I don't know an awful lot about servers, but I do know that there are many ways you can improve the performance of running a web application, in terms of hardware.

For example, starting with a single server, you can:

  • Move the database onto another server.
  • Move static files onto a CDN
  • Use multiple web servers behind a load balancer.

But how can you scale a database server? Can you have multiple servers running the same database? If so, how does it normally work?

I get how a load balancer / multiple web servers work, but can the same approach be applied to database servers?

Alex Coplan
  • 575
  • 1
  • 10
  • 18

3 Answers3

4

This is a very broad question.

The general answer is that there is a number of ways this can be done; two of the main ones are these:

  • Replication
  • Clustering

Replication is where the database is copied from one machine to another. Using this method, you should in theory at least have two databases that are identical. With replicated databases, you can query any of them for your data; you only have to be careful with writes so that they don't conflict between servers.

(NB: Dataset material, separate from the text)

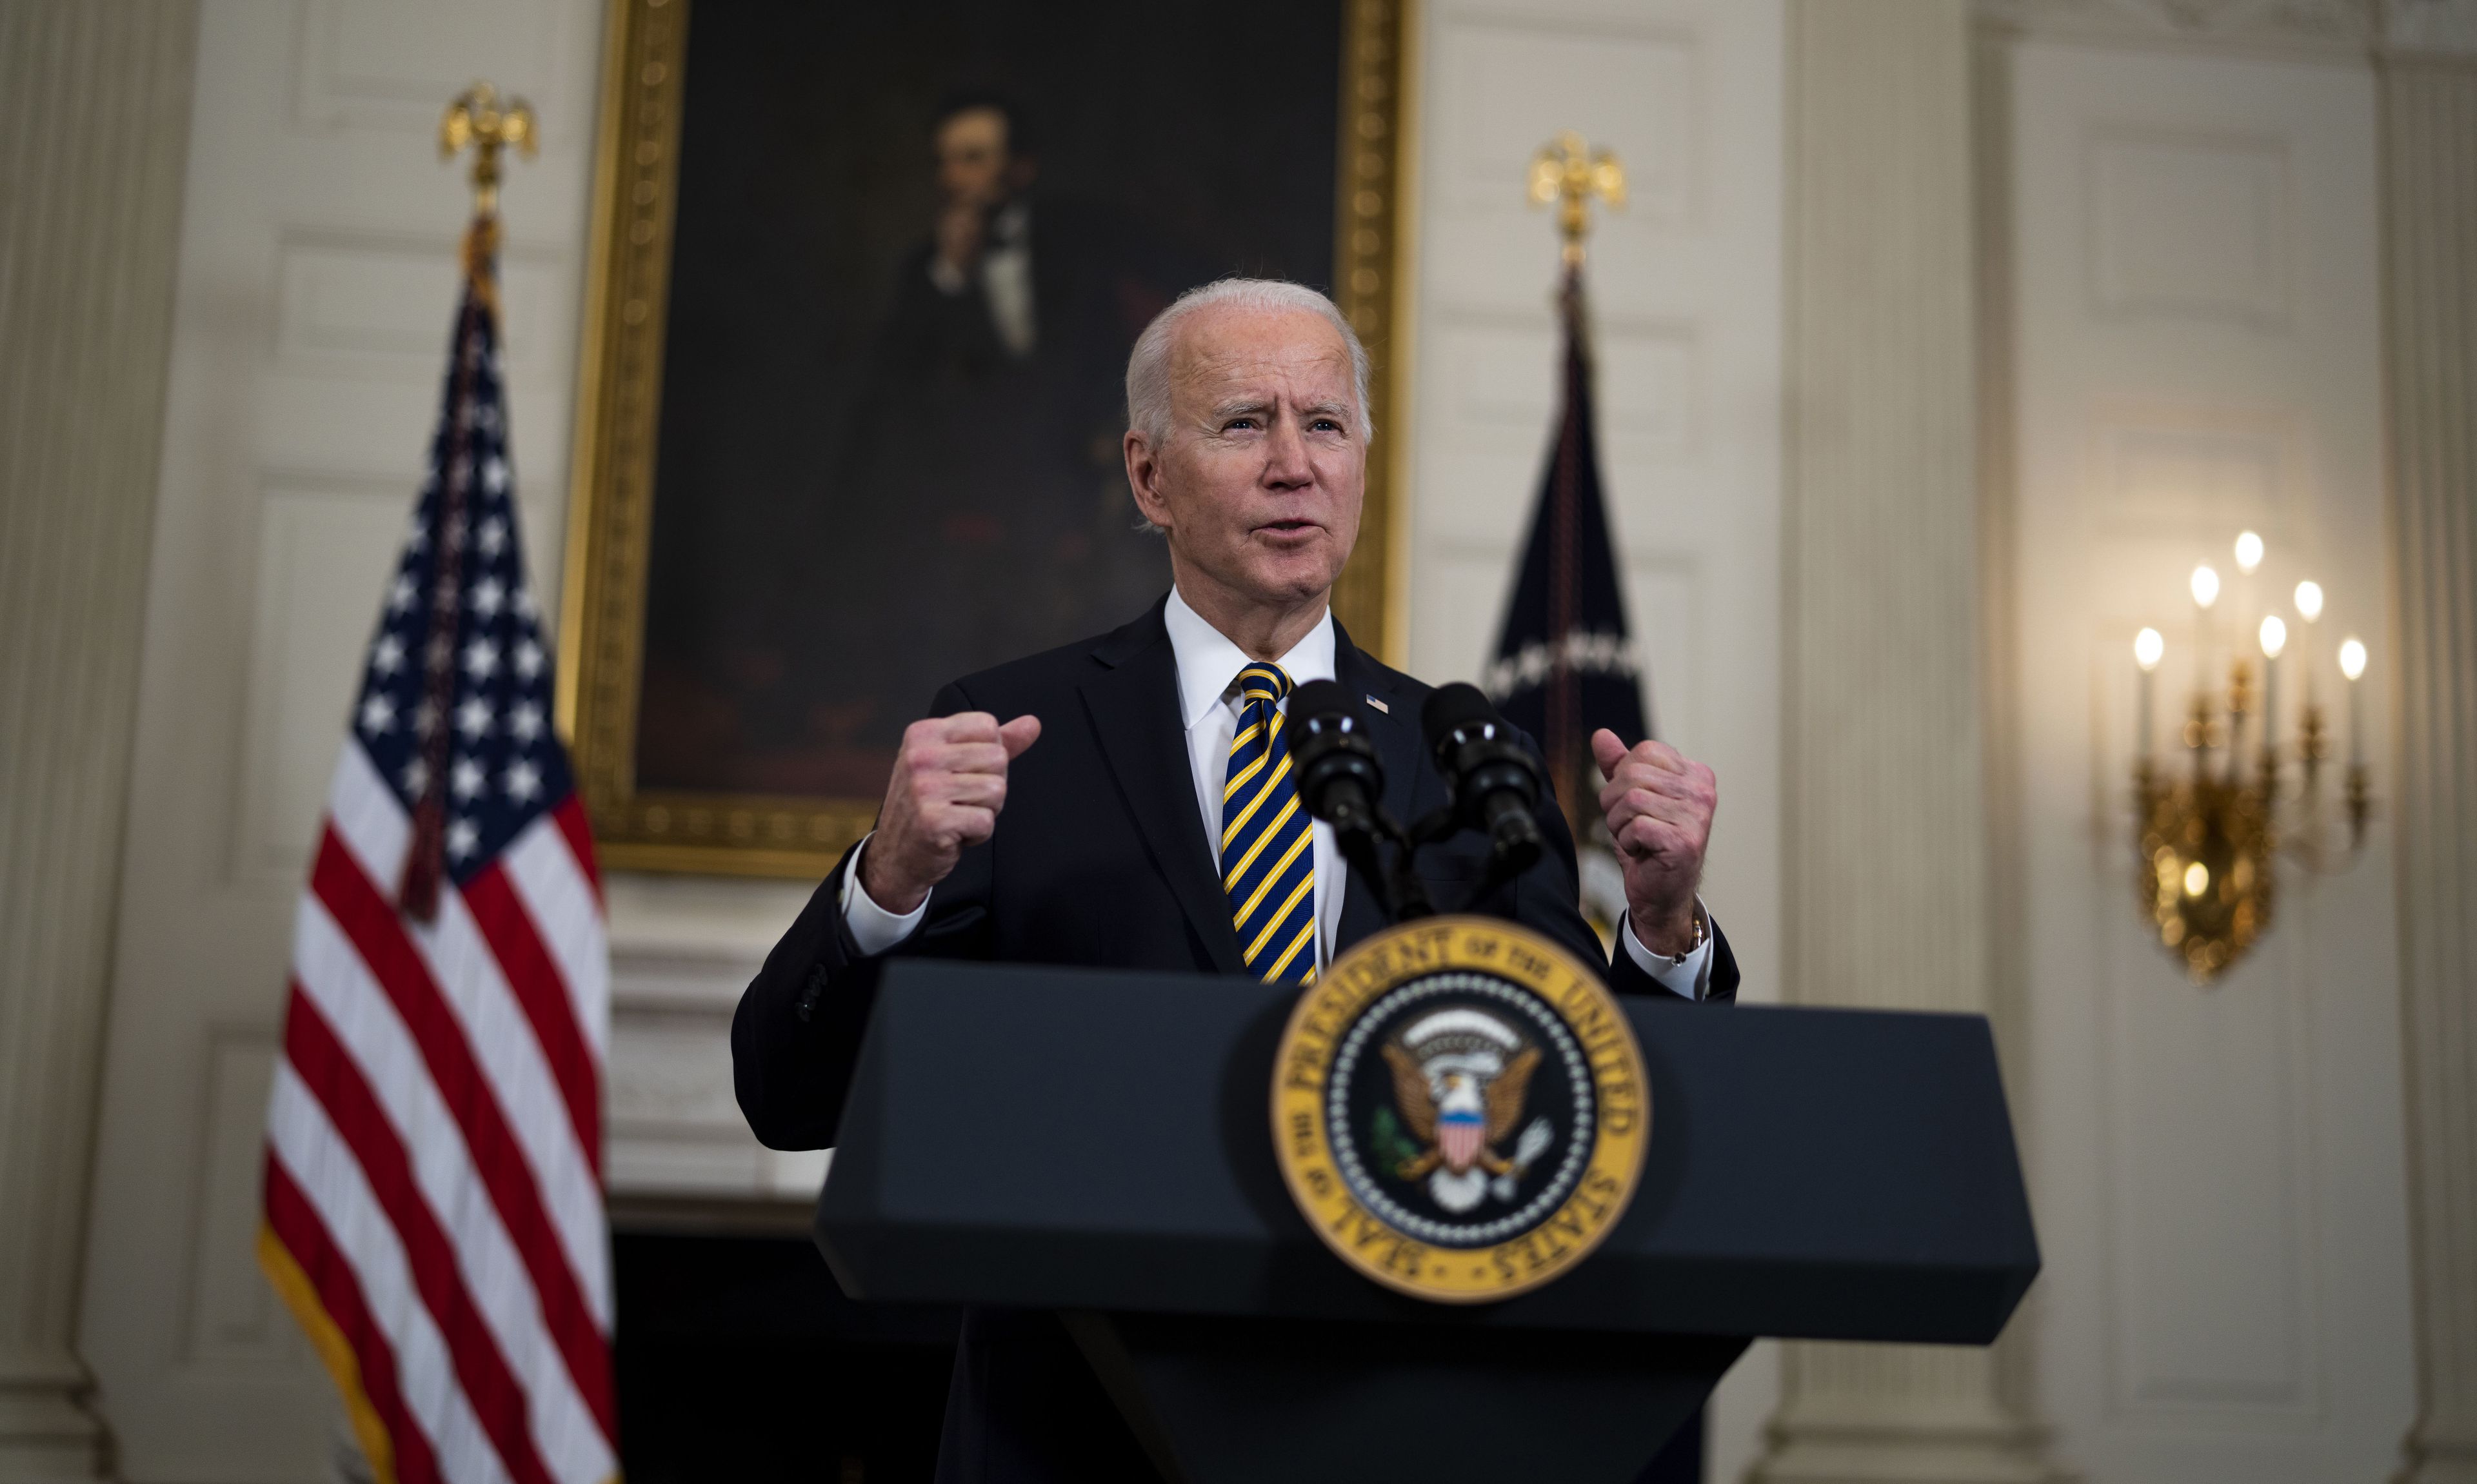 WASHINGTON, DC &#8211; FEBRUARY 24: U.S. President Joe Biden speaks at an event to sign an Executive Order on the economy with Vice President Kamala Harris February 24, 2021 in the State Dining Room of the White House in Washington, DC. The order is intended to address a global shortage of semiconductors, or computer chips, as well as a multi-secto...

Clustering uses a shared data store and a database server that recognizes the data store is shared and handles it properly. It also suggests a clustered file system such as GFS.

Mei
  • 4,560
  • 8
  • 44
  • 53
3

You can do some load balancing; but it quickly gets tricky. I've found the most useful thing to know is what kind of operations your database does normally. If you've got a website; usually its reads. For tracking apps (as an example) you'll have lots of writes.

If you have lots of reads you can make lots of read-only mirrors, chuck a load balancer in front and you're done. Each request is balanced so each request gets the maximum amount of resourcing.

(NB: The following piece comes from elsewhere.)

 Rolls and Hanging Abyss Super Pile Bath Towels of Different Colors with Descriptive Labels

For write heavy systems it's a bit harder because as you add a new server, they need to be aware of what the other is doing - this is where locking comes in. If you have servers A and B; A gets an update or insert request, before it can modify the table it has to say "hey B, make sure you don't change this table, I'm about to change it" (locking) and then commits the change across. This all happens over the network (usually) which means it can be slow (ms not usec) which can hurt performance. As you add servers the performance degrades. With A,B and C; A must talk to both B and C before committing.

Hope this serves as an introduction to db scaling. I'm currently looking into Citrix Netscalers DB load balancing offerings that can help with these questions; I'd recommend looking at least at the docs they have on the topic :)

Preflightsiren
  • 457
  • 2
  • 8
2

It really depends on the database technology, but generally this is accomplished by sharding, master-master replication, or master-slave replication with all writes going to the master(s) and all reads coming from the slave(s).

There are plenty of other ways, but these are the most common.

MDMarra
  • 100,183
  • 32
  • 195
  • 326